Distinct immune responses after infection between AD patients and healthy individuals

Contrary to expectations, cells derived from healthy individuals and those with AD exhibited comparable susceptibility to infection by SARS-CoV-2 virus, indicating no significant difference in initial infection rates between the two groups.

However, a significant contrast emerged in the gene activity of infected cells from individuals with AD. Their cells displayed heightened oxidative stress, altered immune responses, and substantial changes in genes related to olfaction when compared to olfactory mucosal cells from cognitively healthy individuals.

“The results suggest a plausible scenario where individuals affected by AD might face potentially more severe COVID-19 outcomes due to pre-existing inflammation in the olfactory mucosa,” says Ali Shahbaz, a doctoral researcher in Professor Katja Kanninen’s research group at the University of Eastern Finland and the first author of the study.

The present study represents a pivotal advancement in understanding the intricate interplay between COVID-19 and AD.

Funding: The study was funded by the Academy of Finland.
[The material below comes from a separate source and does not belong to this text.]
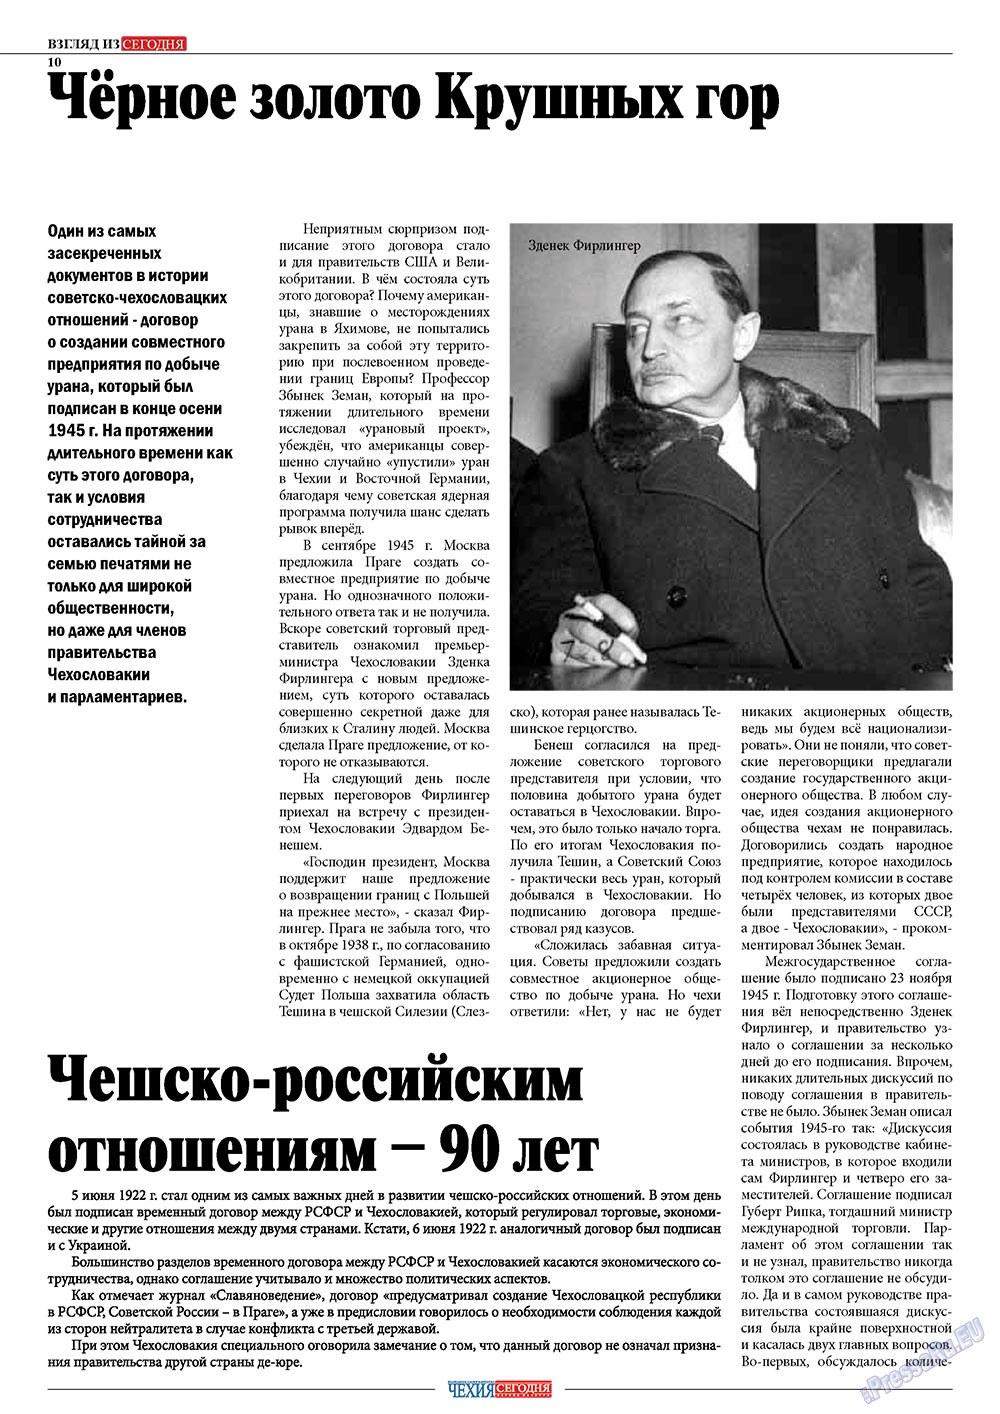 Чехия сегодня (журнал). 2012 год, номер 169, стр. 10

About this COVID-19 and Alzheimer’s disease research news

Author: Ulla Kaltiala
Source: University of Eastern Finland
Contact: Ulla Kaltiala – University of Eastern Finland
Image: The image is credited to Neuroscience News

Original Research: Open access.
Human-derived air–liquid interface cultures decipher Alzheimer’s disease–SARS-CoV-2 crosstalk in the olfactory mucosa” by Katja Kanninen et al. Journal of Neuroinflammation


Human-derived air–liquid interface cultures decipher Alzheimer’s disease–SARS-CoV-2 crosstalk in the olfactory mucosa


The neurological effects of the coronavirus disease of 2019 (COVID-19) raise concerns about potential long-term consequences, such as an increased risk of Alzheimer’s disease (AD). Neuroinflammation and other AD-associated pathologies are also suggested to increase the risk of serious SARS-CoV-2 infection. Anosmia is a common neurological symptom reported in COVID-19 and in early AD. The olfactory mucosa (OM) is important for the perception of smell and a proposed site of viral entry to the brain. However, little is known about SARS-CoV-2 infection at the OM of individuals with AD.
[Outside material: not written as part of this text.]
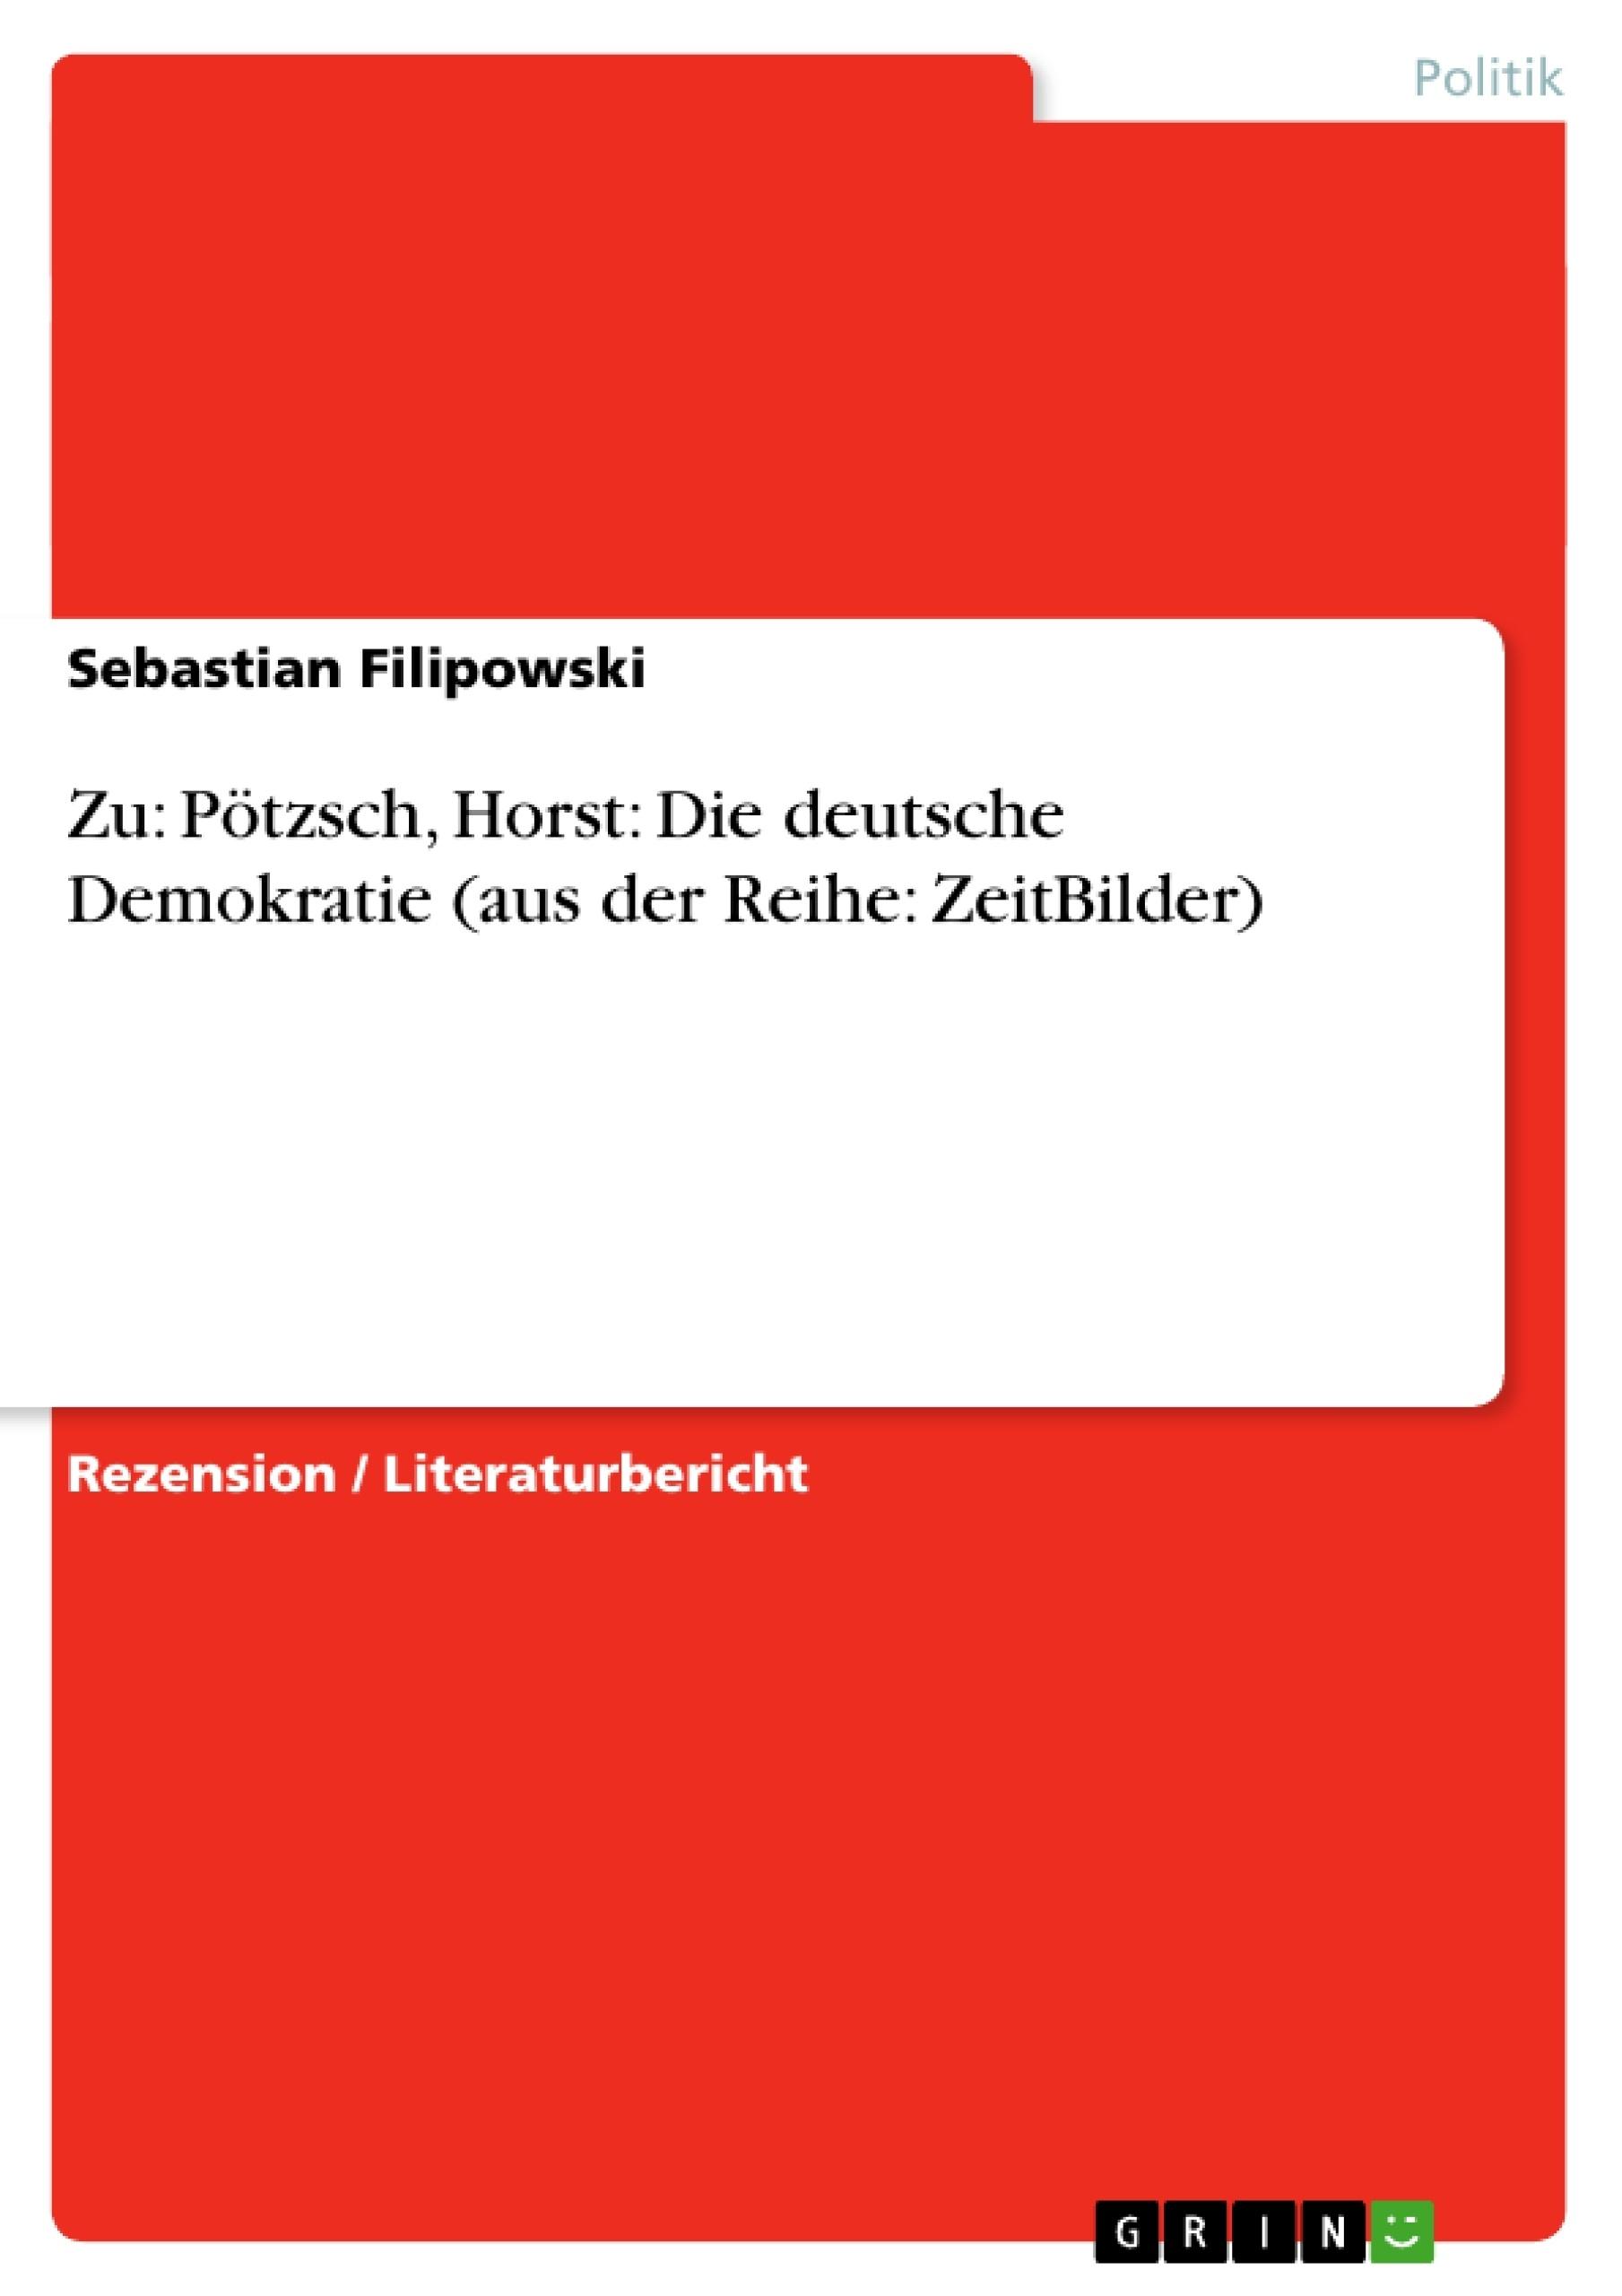 Titel: Zu: Pötzsch, Horst: Die deutsche Demokratie (aus der Reihe: ZeitBilder)

To address this gap, we established a 3D in vitro model of the OM from primary cells derived from cognitively healthy and AD individuals. We cultured the cells at the air–liquid interface (ALI) to study SARS-CoV-2 infection under controlled experimental conditions. Primary OM cells in ALI expressed angiotensin-converting enzyme 2 (ACE-2), neuropilin-1 (NRP-1), and several other known SARS-CoV-2 receptor and were highly vulnerable to infection. Infection was determined by secreted viral RNA content and confirmed with SARS-CoV-2 nucleocapsid protein (NP) in the infected cells by immunocytochemistry. Differential responses of healthy and AD individuals-derived OM cells to SARS-CoV-2 were determined by RNA sequencing.
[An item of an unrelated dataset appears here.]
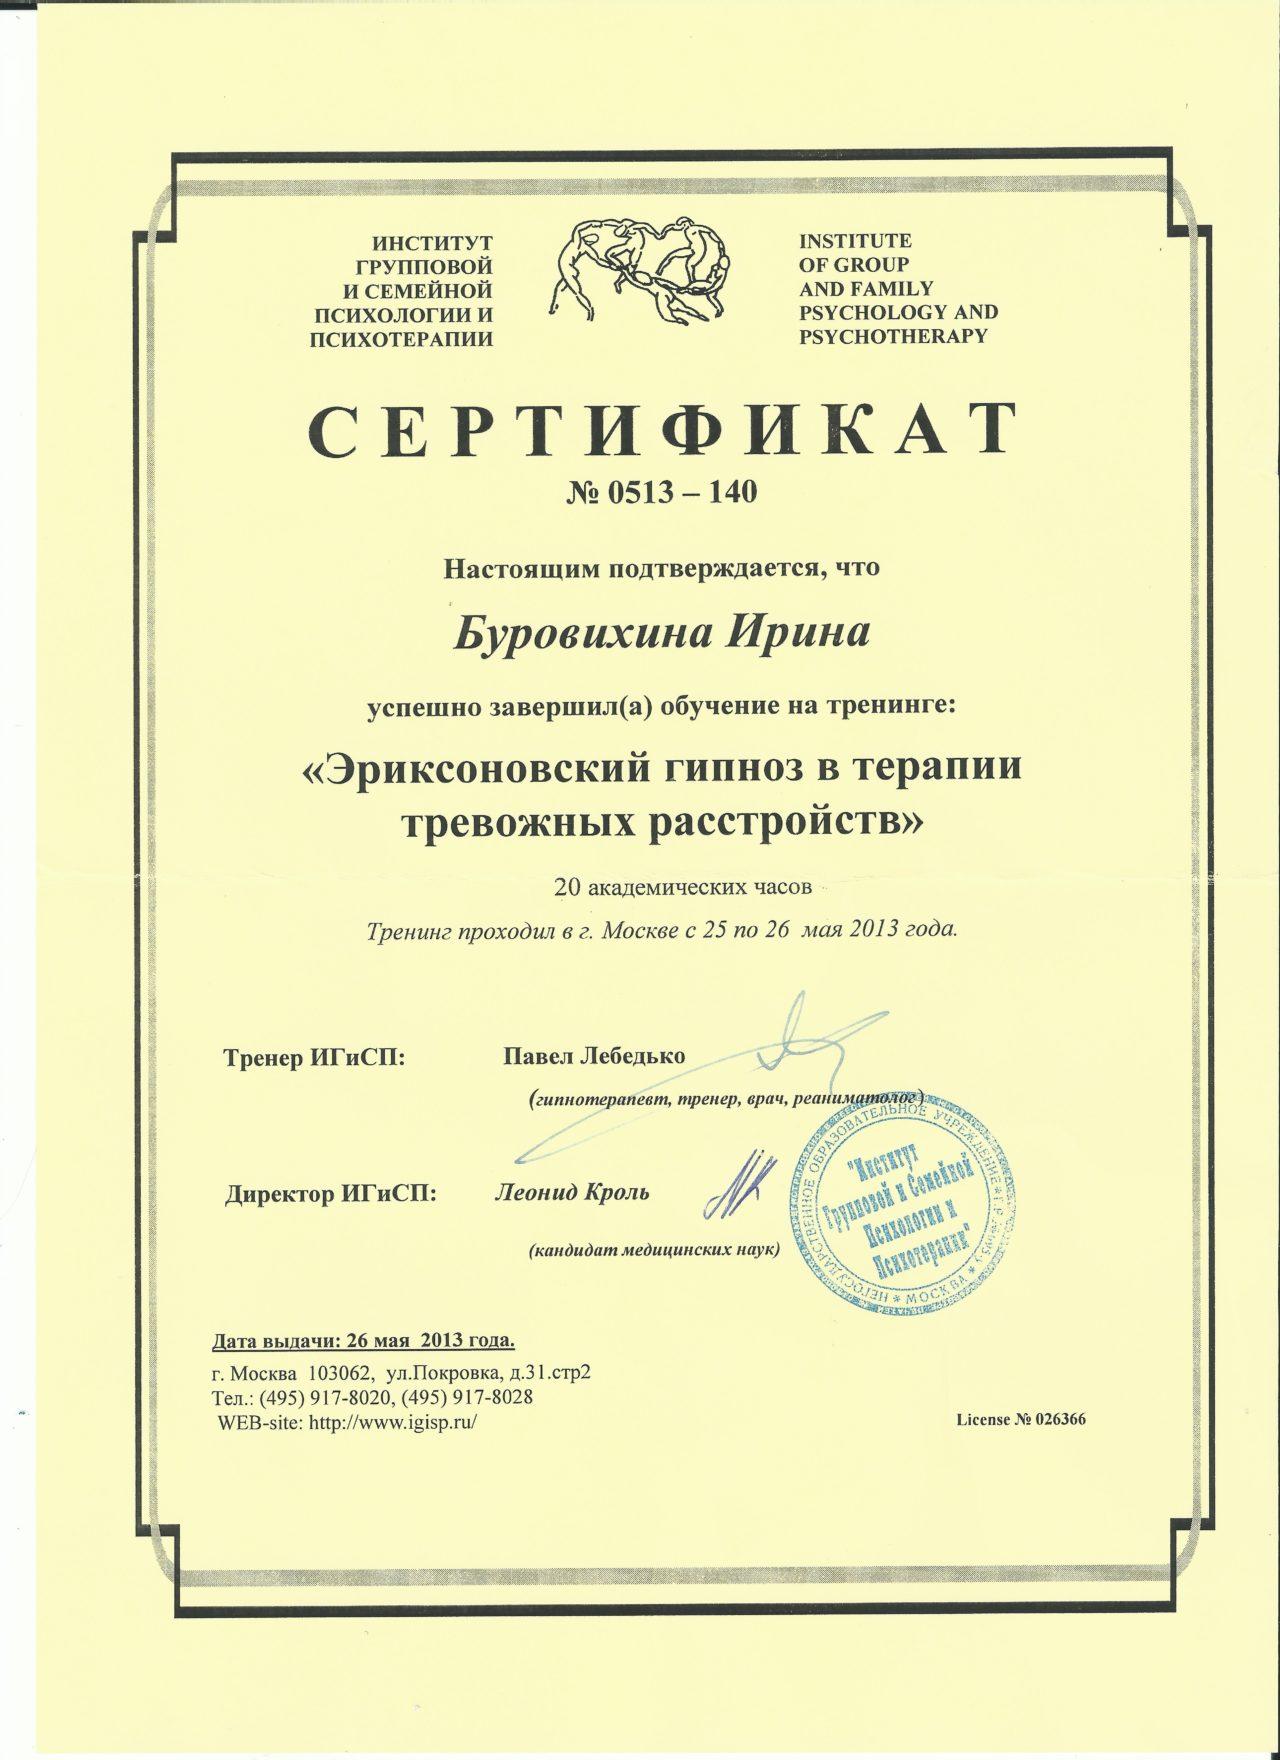 Буровихина сертификат гипноз

Results indicate that cells derived from cognitively healthy donors and individuals with AD do not differ in susceptibility to infection with the wild-type SARS-CoV-2 virus. However, transcriptomic signatures in cells from individuals with AD are highly distinct. Specifically, the cells from AD patients that were infected with the virus showed increased levels of oxidative stress, desensitized inflammation and immune responses, and alterations to genes associated with olfaction. These results imply that individuals with AD may be at a greater risk of experiencing severe outcomes from the infection, potentially driven by pre-existing neuroinflammation.


The study sheds light on the interplay between AD pathology and SARS-CoV-2 infection. Altered transcriptomic signatures in AD cells may contribute to unique symptoms and a more severe disease course, with a notable involvement of neuroinflammation. Furthermore, the research emphasizes the need for targeted interventions to enhance outcomes for AD patients with viral infection. The study is crucial to better comprehend the relationship between AD, COVID-19, and anosmia. It highlights the importance of ongoing research to develop more effective treatments for those at high risk of severe SARS-CoV-2 infection.